▶ _DATA BELOW_:
* * *
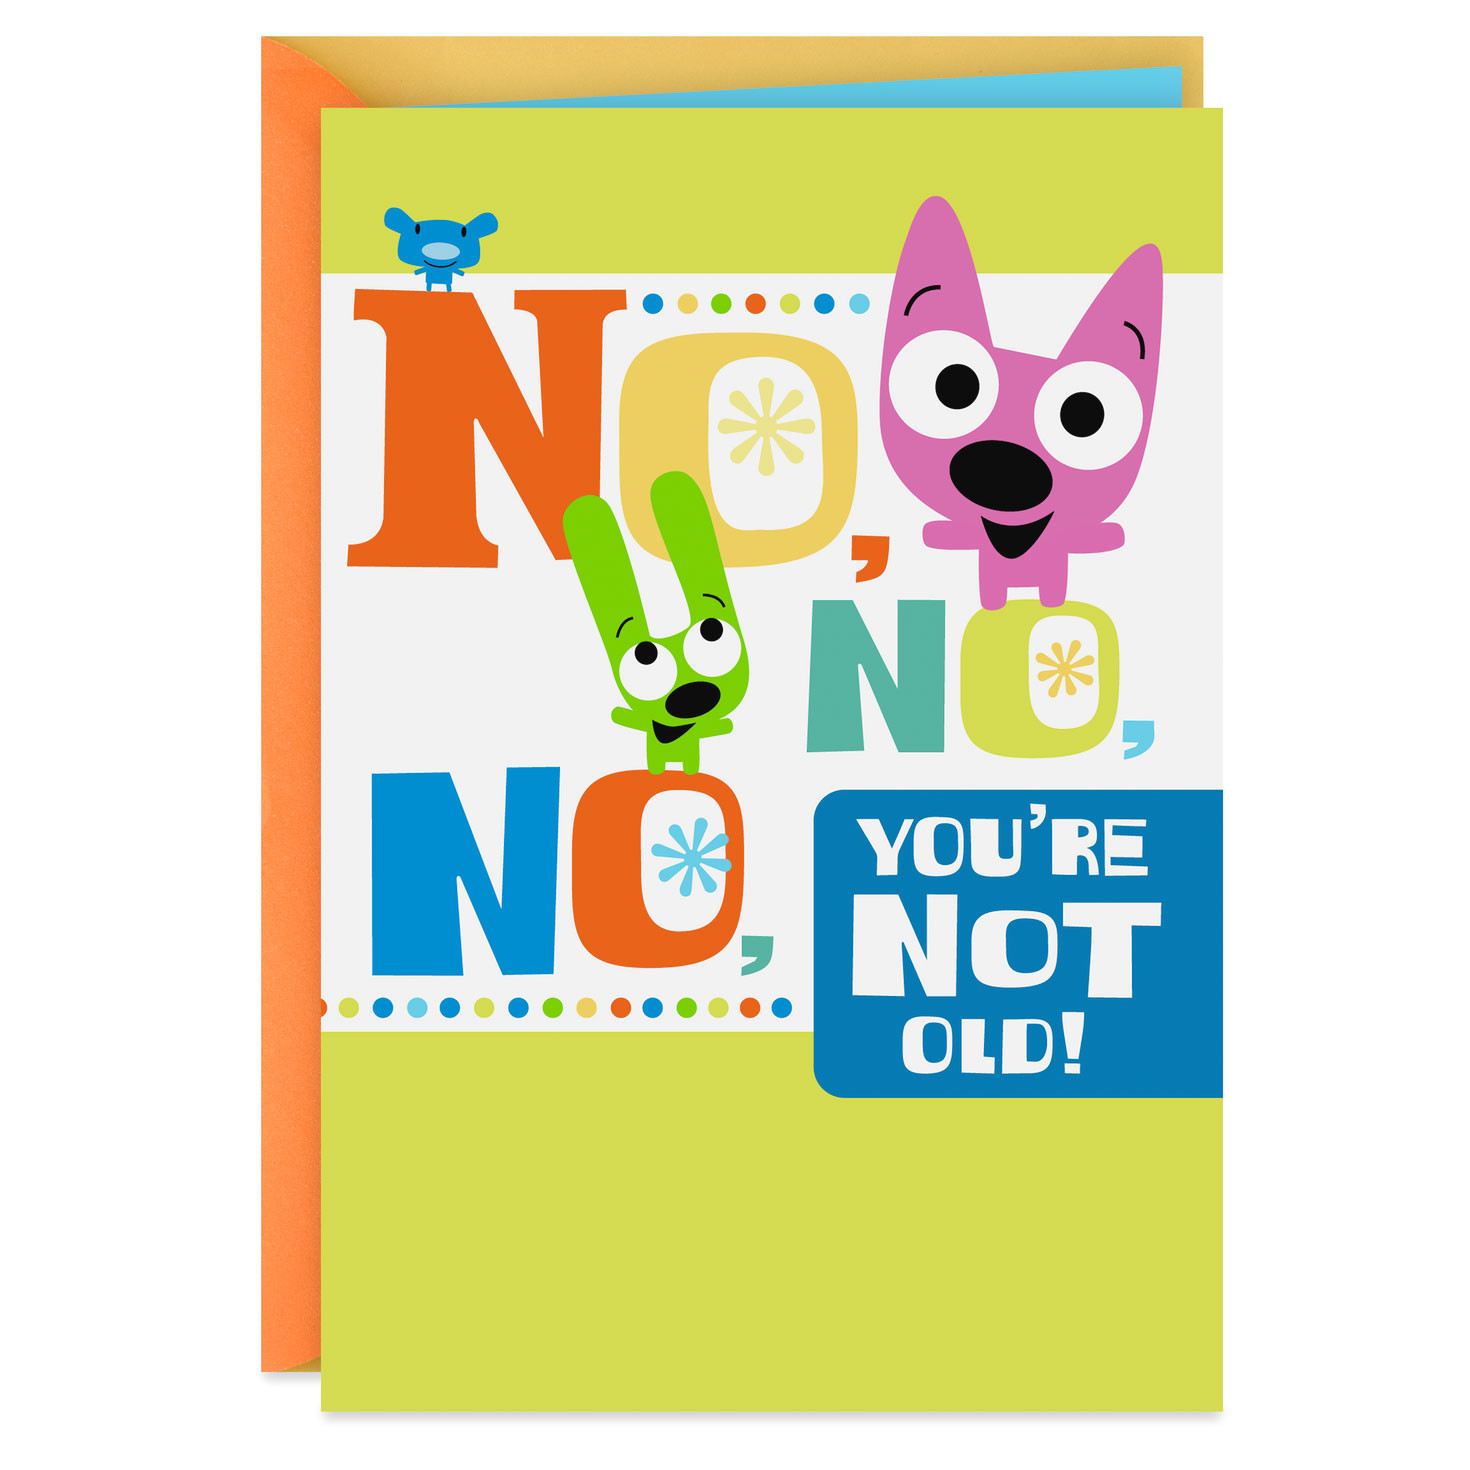 Hoops And Yoyo Birthday Cards
 hoops&yoyo™ You re Not Old Birthday Card With Sound
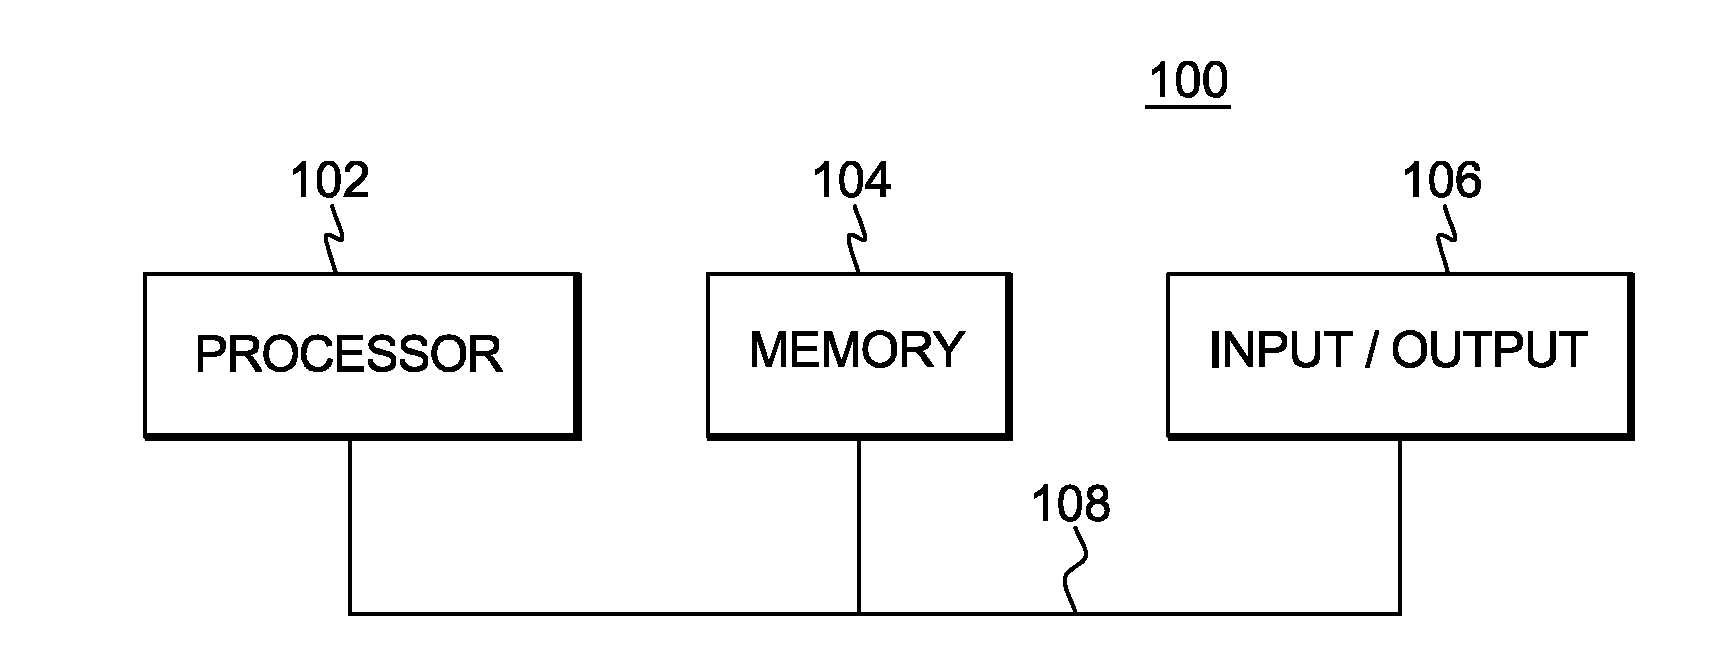 Instruction to load data up to a specified memory boundary indicated by the instruction
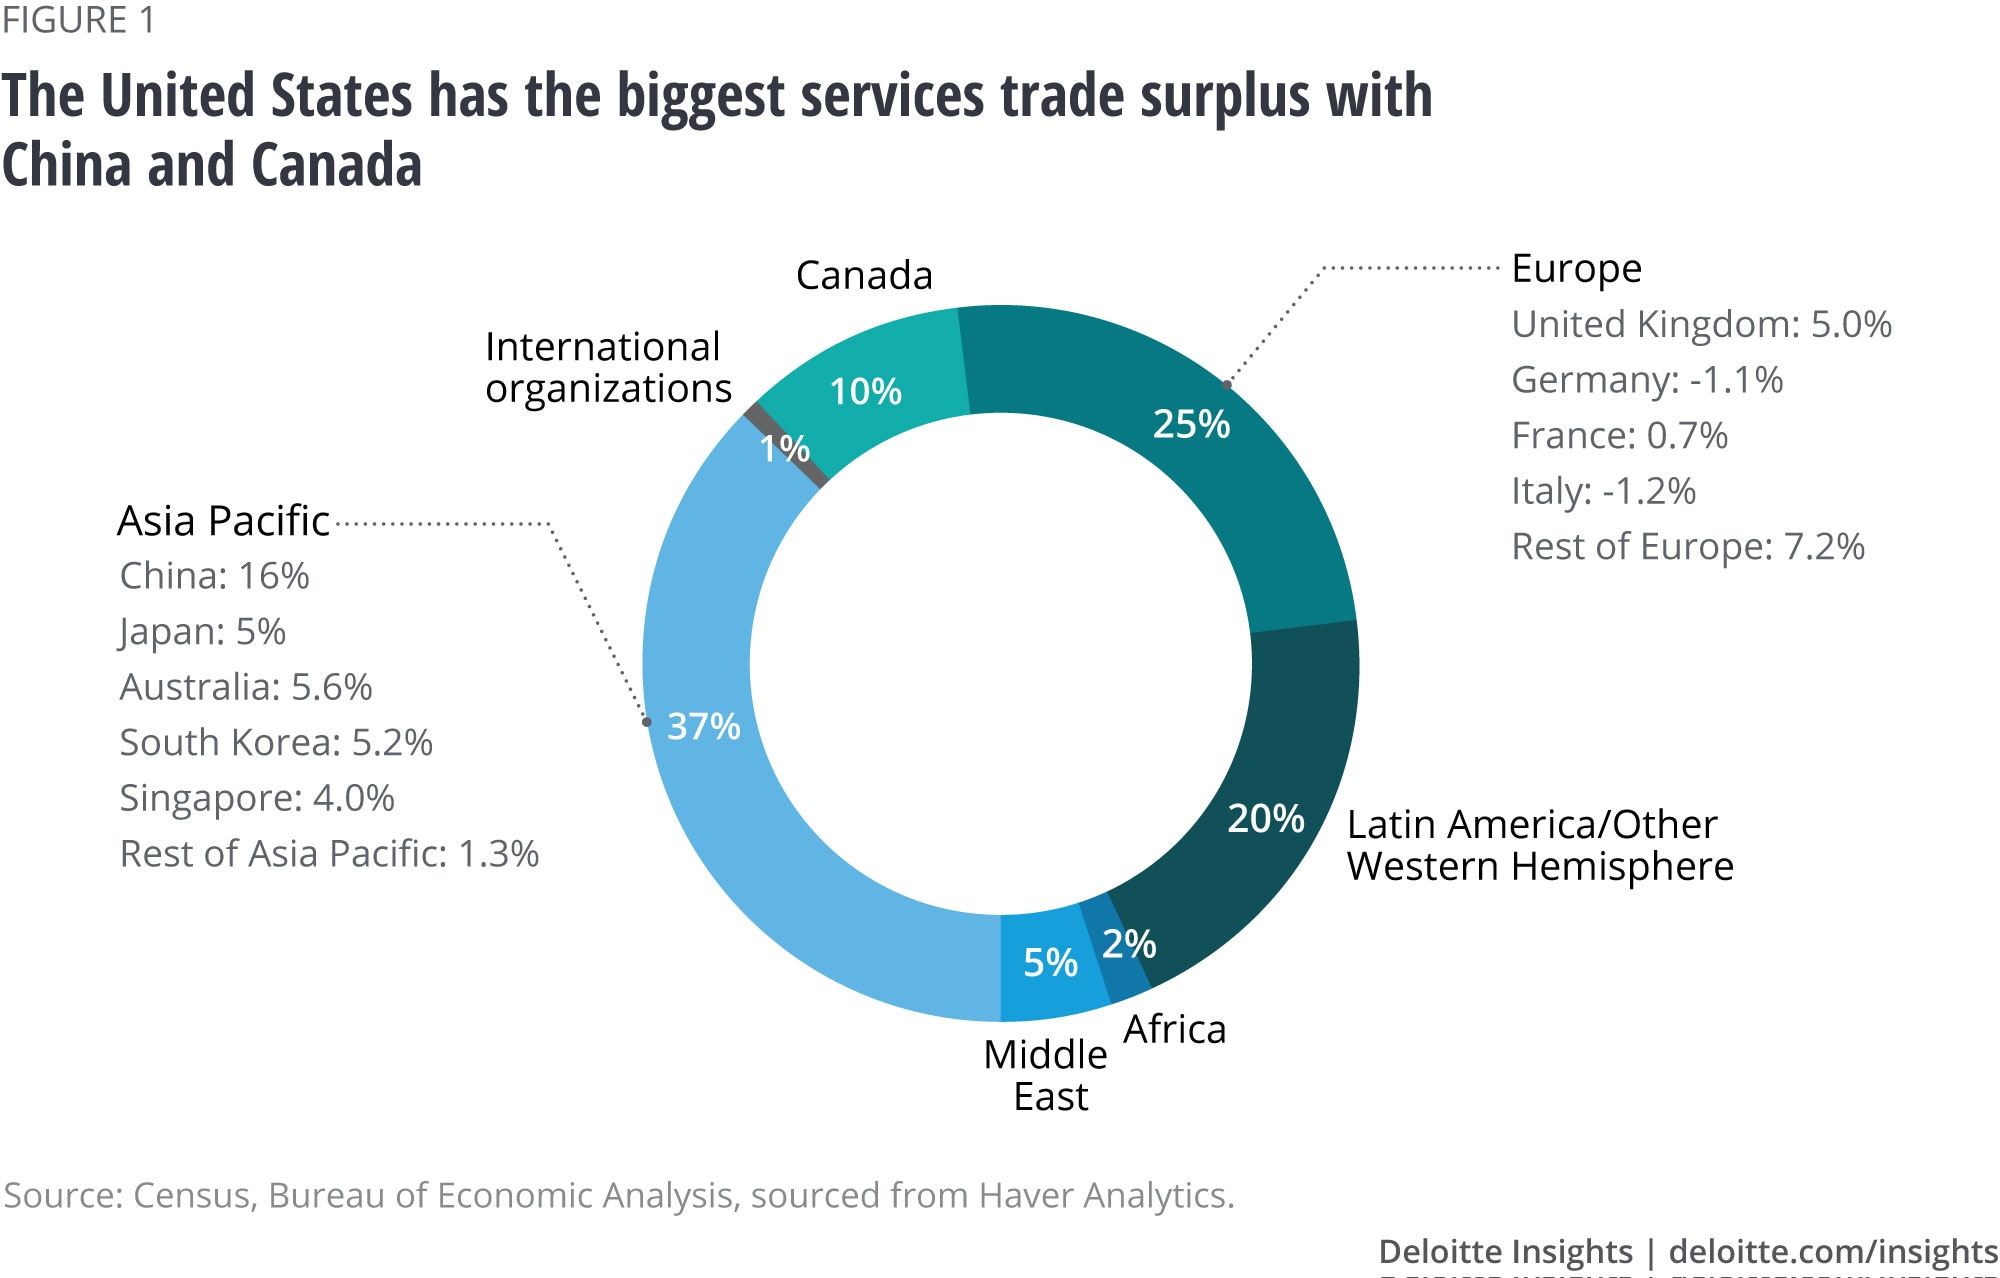 The United States has the biggest services’ trade surplus with China and Canada
* * *
▶ _ABOUT THIS EXERCISE_:
Find the line containing "hoops&yoyo™ You re", then extract it and every line after it to the end of the data above, exactly and nothing else, without pictures.

▶ _OUTPUT_:
 hoops&yoyo™ You re Not Old Birthday Card With Sound
 Instruction to load data up to a specified memory boundary indicated by the instruction
 The United States has the biggest services’ trade surplus with China and Canada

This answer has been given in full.